BEGIN Data for this exercise
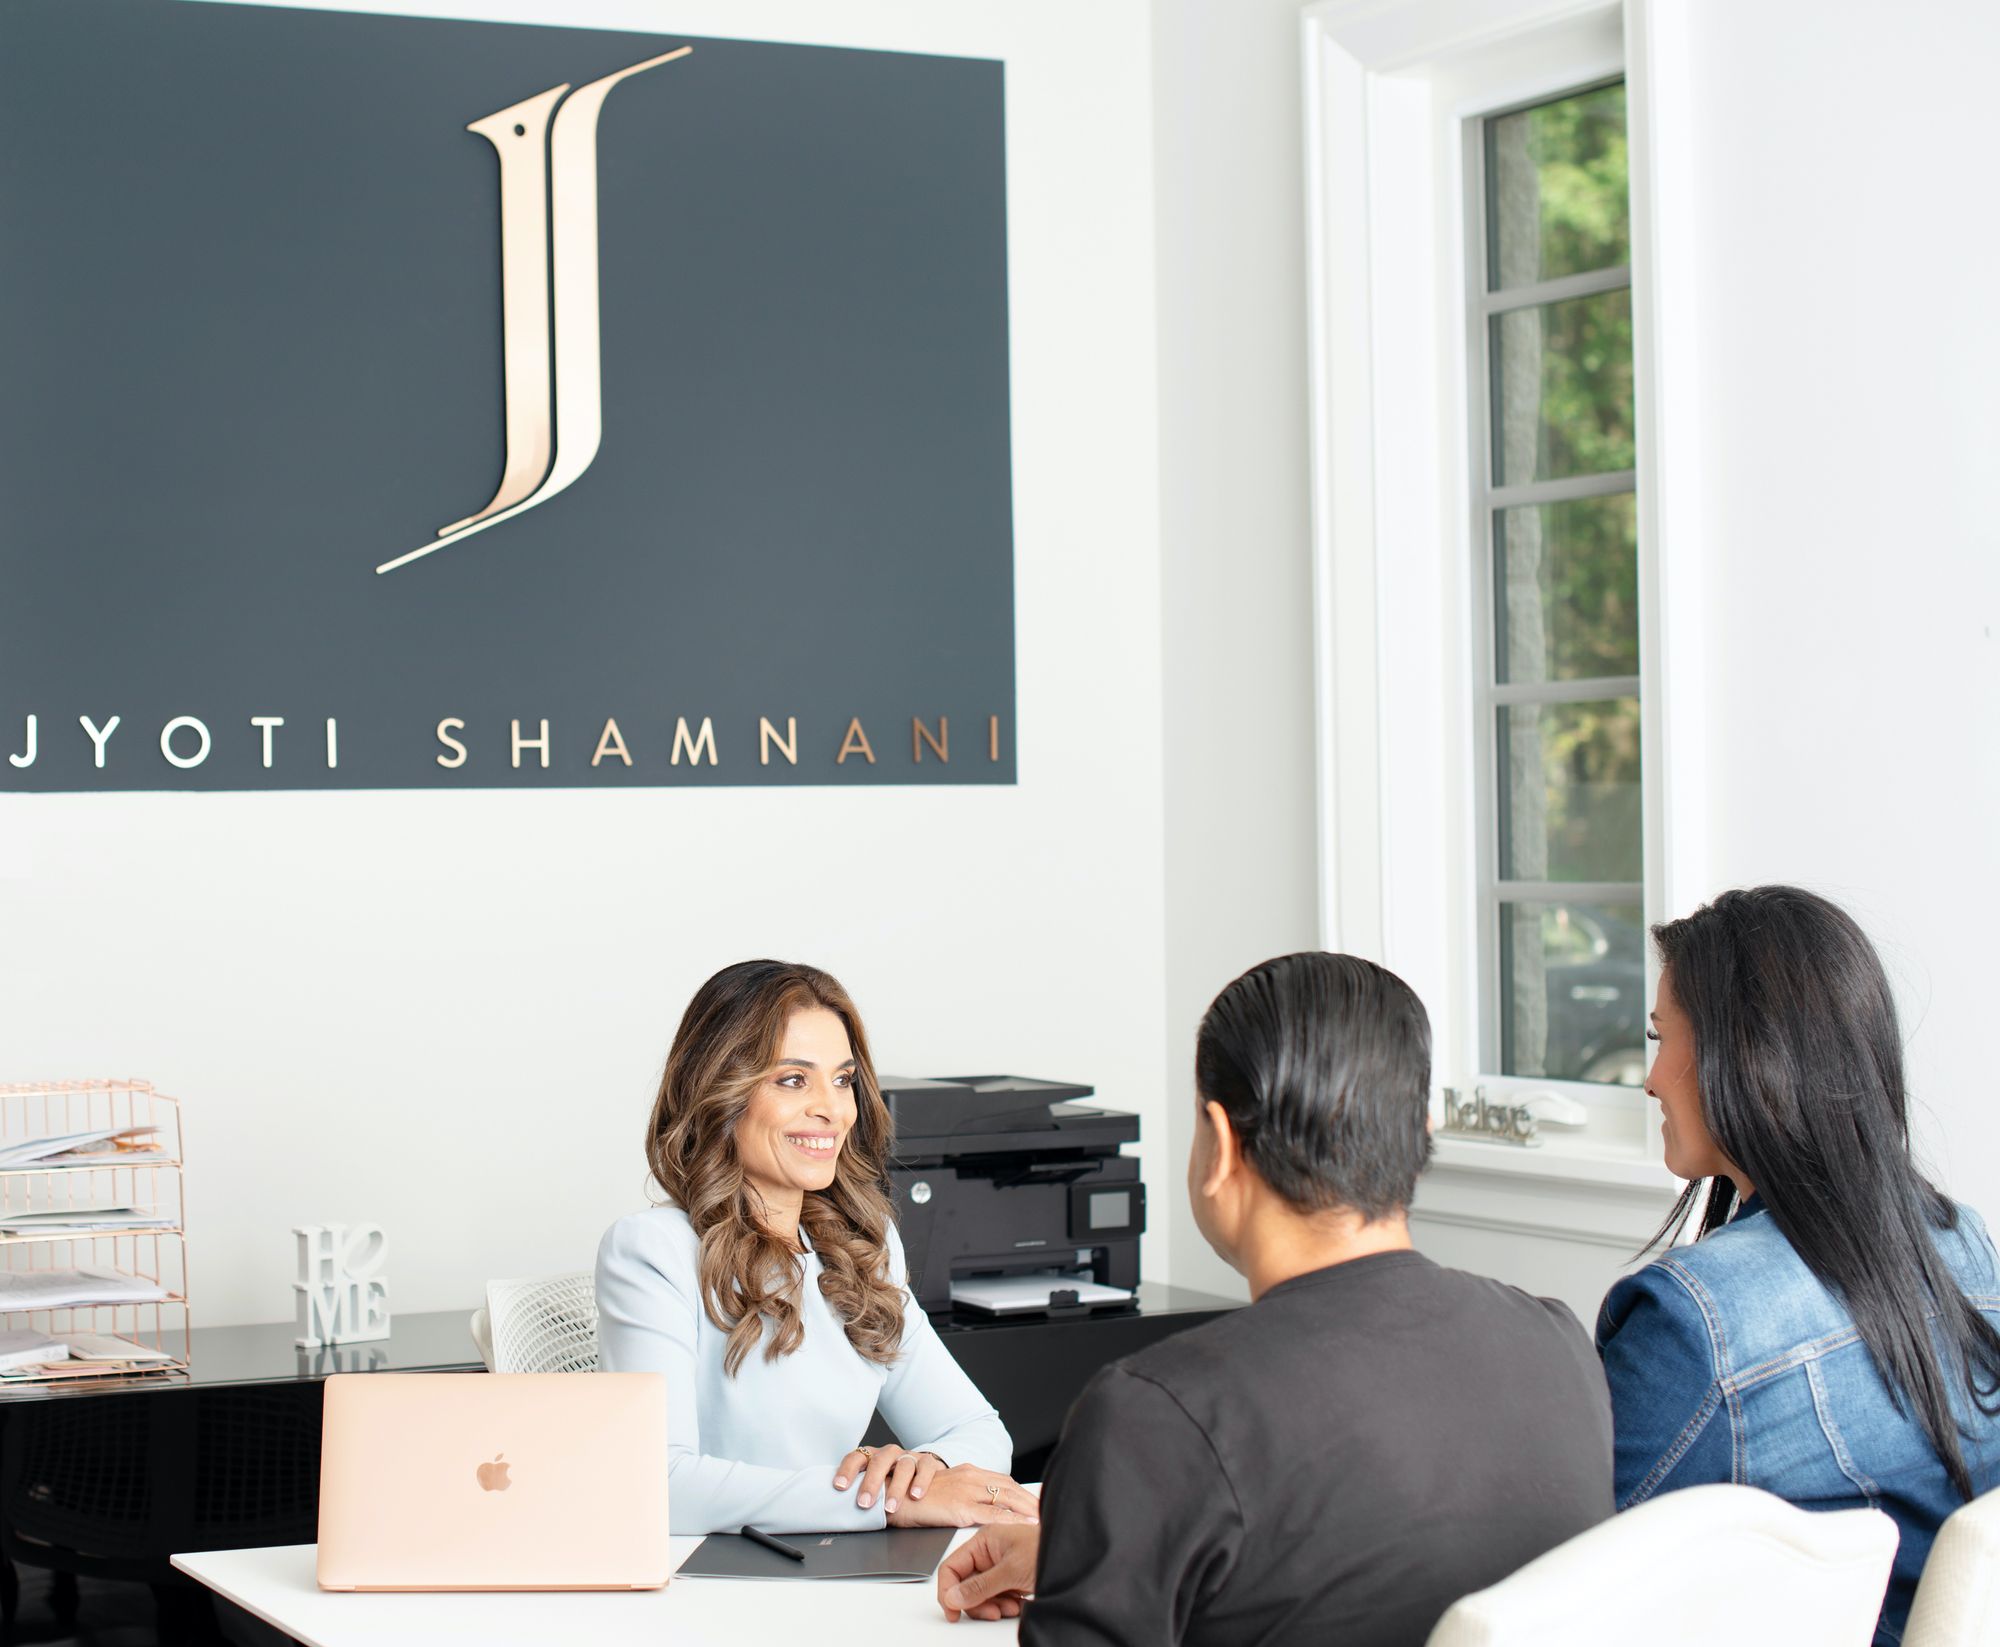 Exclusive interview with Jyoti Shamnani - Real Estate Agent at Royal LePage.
END Data for this exercise
BEGIN Data for this exercise
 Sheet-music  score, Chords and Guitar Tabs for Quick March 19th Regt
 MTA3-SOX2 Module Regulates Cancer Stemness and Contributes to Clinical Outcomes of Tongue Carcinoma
END Data for this exercise
Exercise: From the data above, output only the lines between the line containing "March 19th Regt" and the line containing "MTA3-SOX2 Module Regulates", inclusive, exactly as written.

Expected answer:
 Sheet-music  score, Chords and Guitar Tabs for Quick March 19th Regt
 MTA3-SOX2 Module Regulates Cancer Stemness and Contributes to Clinical Outcomes of Tongue Carcinoma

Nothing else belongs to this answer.